The ice was melted in his scotch. He drank it anyway. “Nothing happened. I’m just stressed from work.”
“You always say you’re stressed.” She frowned, but her eyes softened around the edges. Fine lines spread at the corners. She was getting older. Most days, he thought this was a bad thing, but right now, all he could think about was that no matter how shit Charlie’s world could be, this woman in front of him always made sure that he had a safe place to come home to.
“Charlie?” Her voice was pitched low. “Are you all right?”
Charlie gritted his teeth, not because the question annoyed him but because he had the sudden urge to tell her what had happened outside the dry cleaner’s. The fear. The blood. The terror he couldn’t shake even when it was over.
Salmeri had told Charlie to leave before the cops got there. Charlie wasn’t about to argue. He’d thrown the suit into the back of his car and peeled out of the parking lot. Between the blood
and the hot sun, the flesh of his hands had been glued to the steering wheel.

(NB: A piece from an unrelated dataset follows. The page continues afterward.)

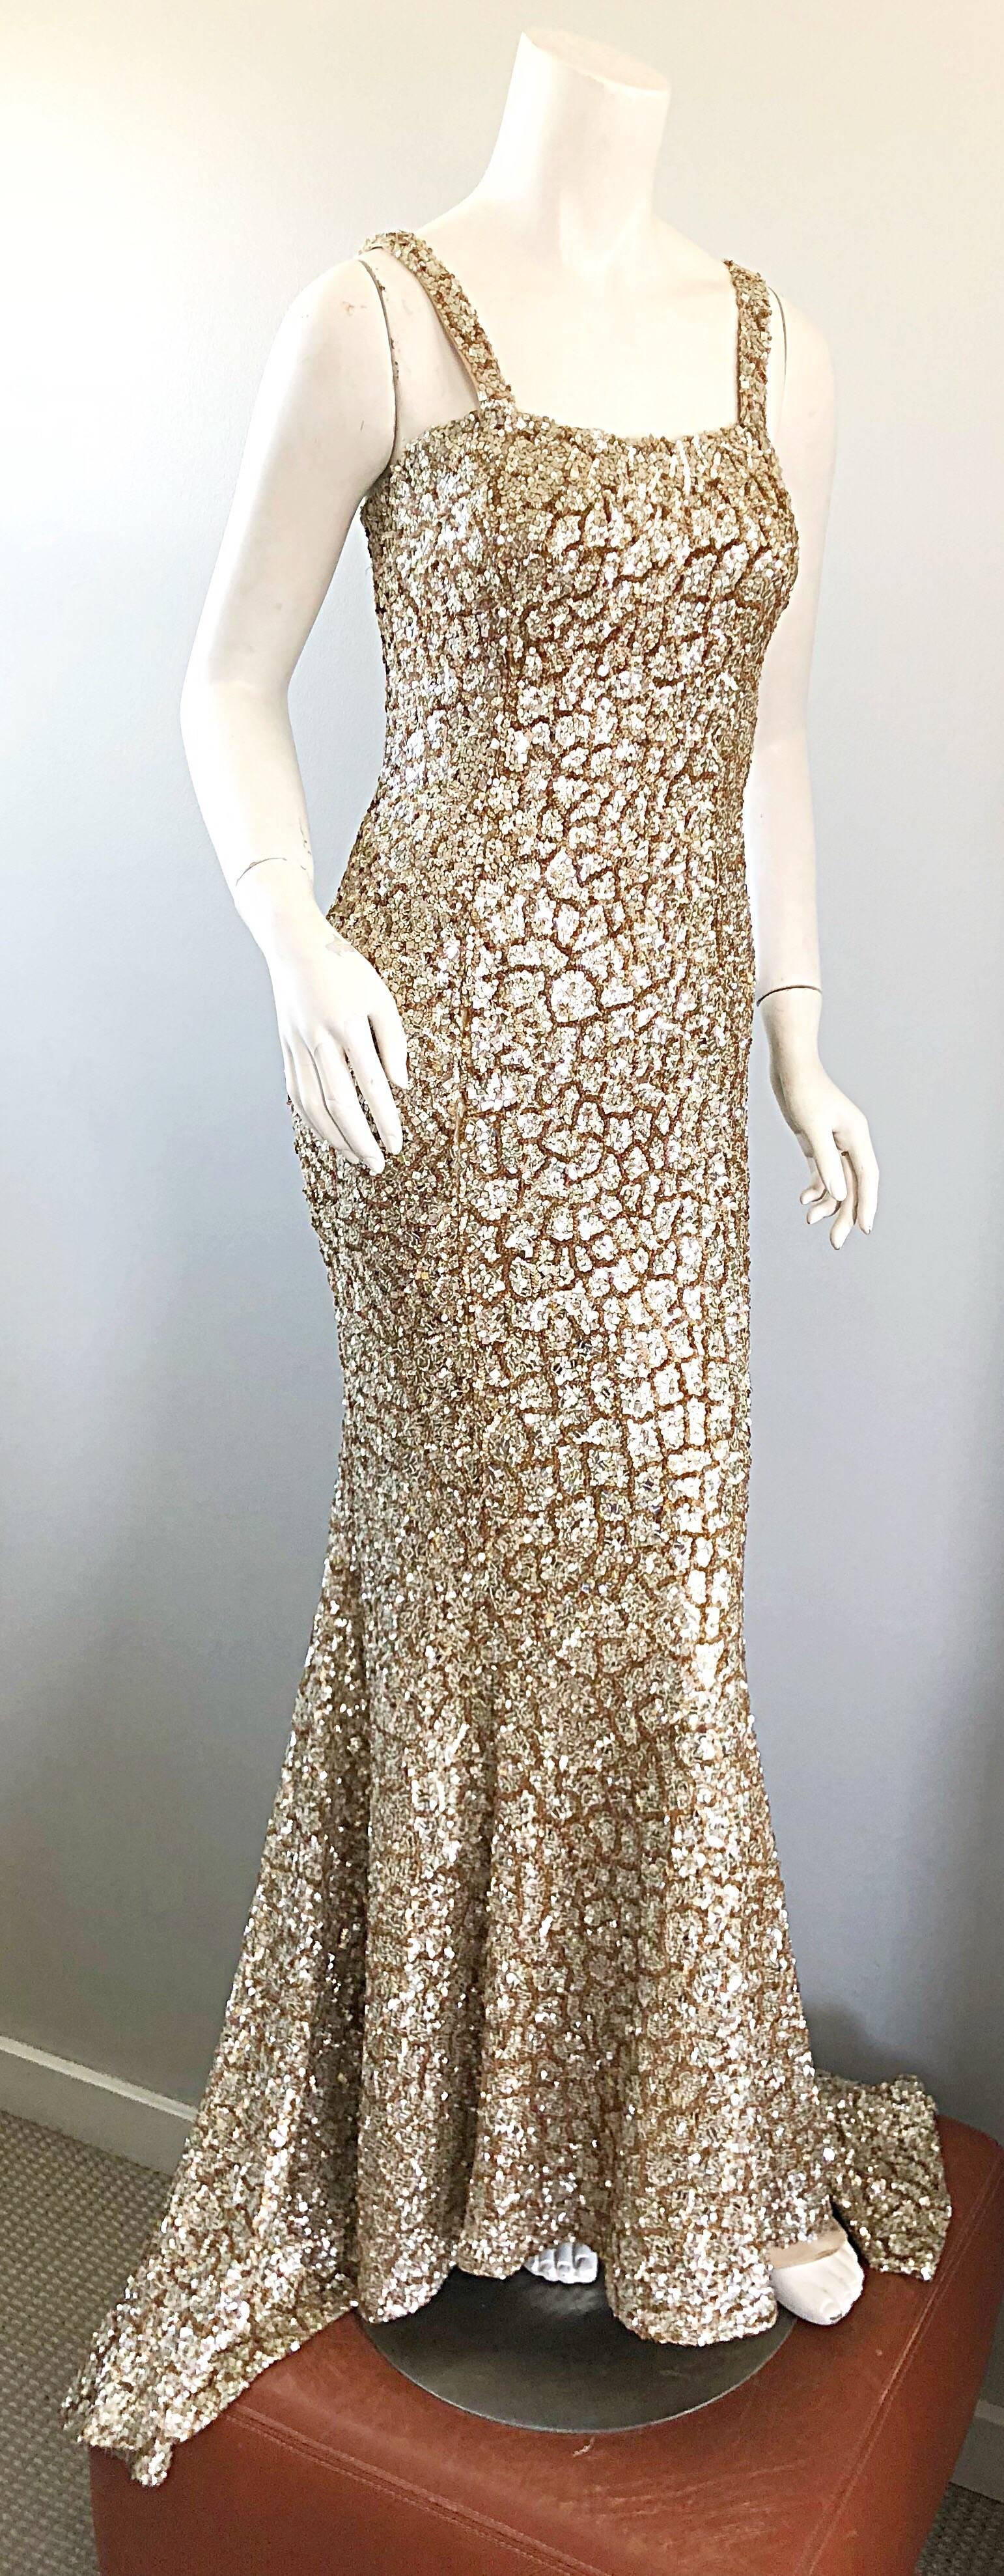 Monique Lhuillier Gorgeous Resort 2012 Gold Rose Gold Full Sequin Trained Gown  8
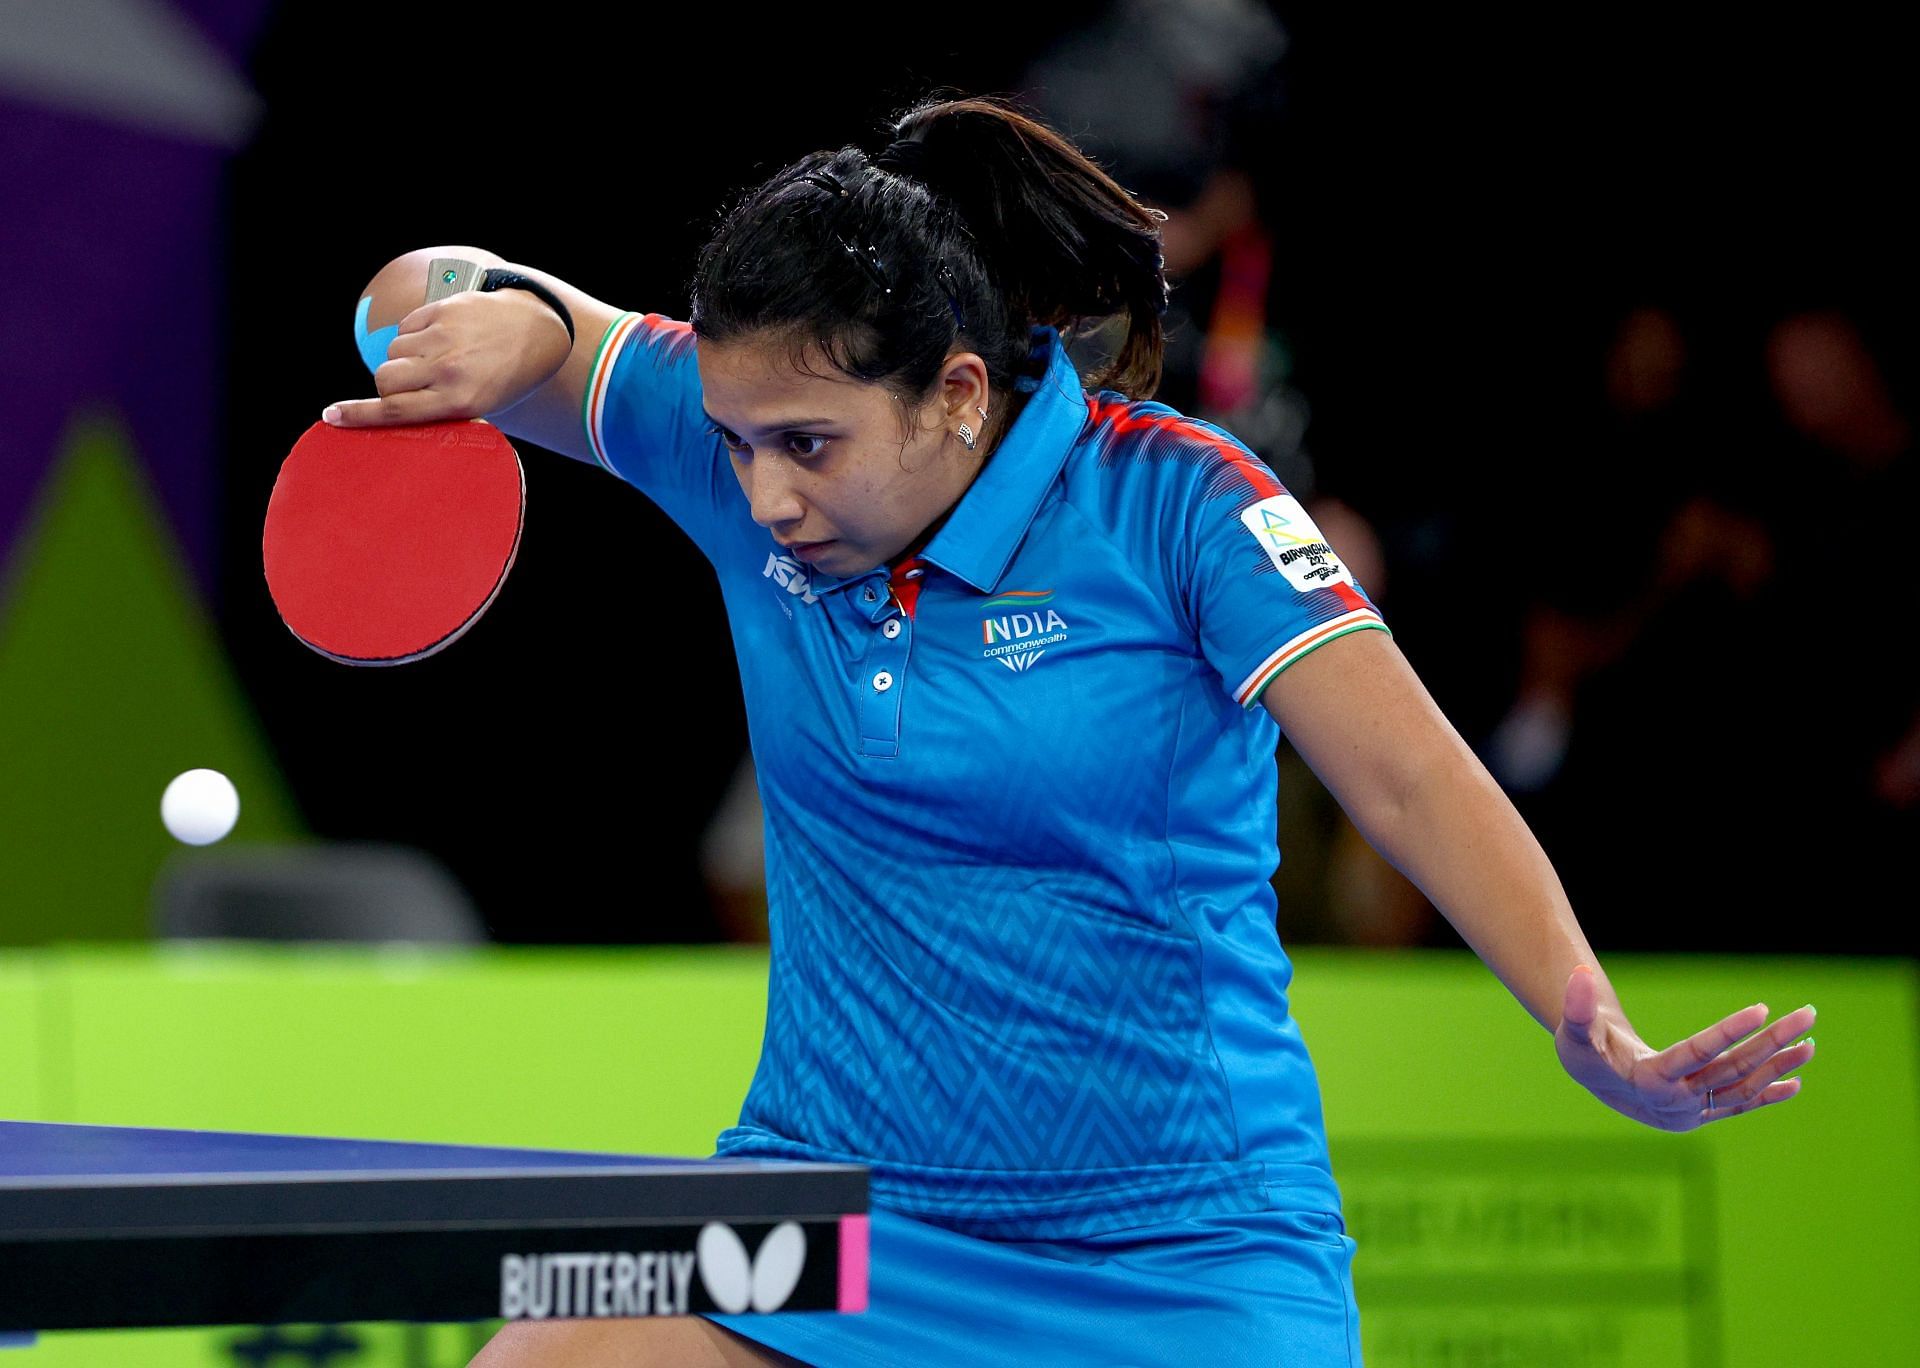 Indian table tennis player Reeth Rishya in action at CWG 2022. (PC: Getty Images)

He’d driven around for hours, finally pulling to a stop on the gravel road across from the Lenox Square shopping mall in Buckhead. Charlie got out of the car. He wiped his hands on the grass. He spat on them to try to get the blood off.
When he reached into his jacket pocket for his handkerchief, he found the knife. Six-inch blade. Pearl handle with gold rivets. A finger ring at the guard. The pommel had a deep slash across the bottom like the knife itself had been cut.
This is how you end it
.
Charlie didn’t know how the knife had come into his possession. He didn’t remember picking it up from the ground. He didn’t remember wiping off the blood. He sure as shit didn’t remember putting it in his pocket. The blade was sharp. Why hadn’t it sliced through the cloth?
You’re gonna end up just like me
.
What the hell did that mean? That Charlie was going to be homeless? Fuck that. He’d been homeless before. If he ended up on the streets again, he’d do the same thing he did the last time: fight tooth and nail to get back on top. No way would Charlie Lam ever put a knife in his own gut. He was a lot of things, but he wasn’t a coward.
His wife put her hand on his shoulder. “Charlie? Charlie?”
“I got work to do.” Charlie stood up from the table. He grabbed his keys off the kitchen counter and he walked out the door.
Charlie forced his jaw to unclench as he walked toward his girlfriend’s apartment. His palms felt sticky. His sweat had rewet the blood on the Buick’s steering wheel. His hands were never going to be clean again.
“Charlie!” The door flew open before he could knock. She was always happy to see him.
“You look good,” he said, because she did. Even at ten o’clock, even without knowing he was coming over, she still made an effort.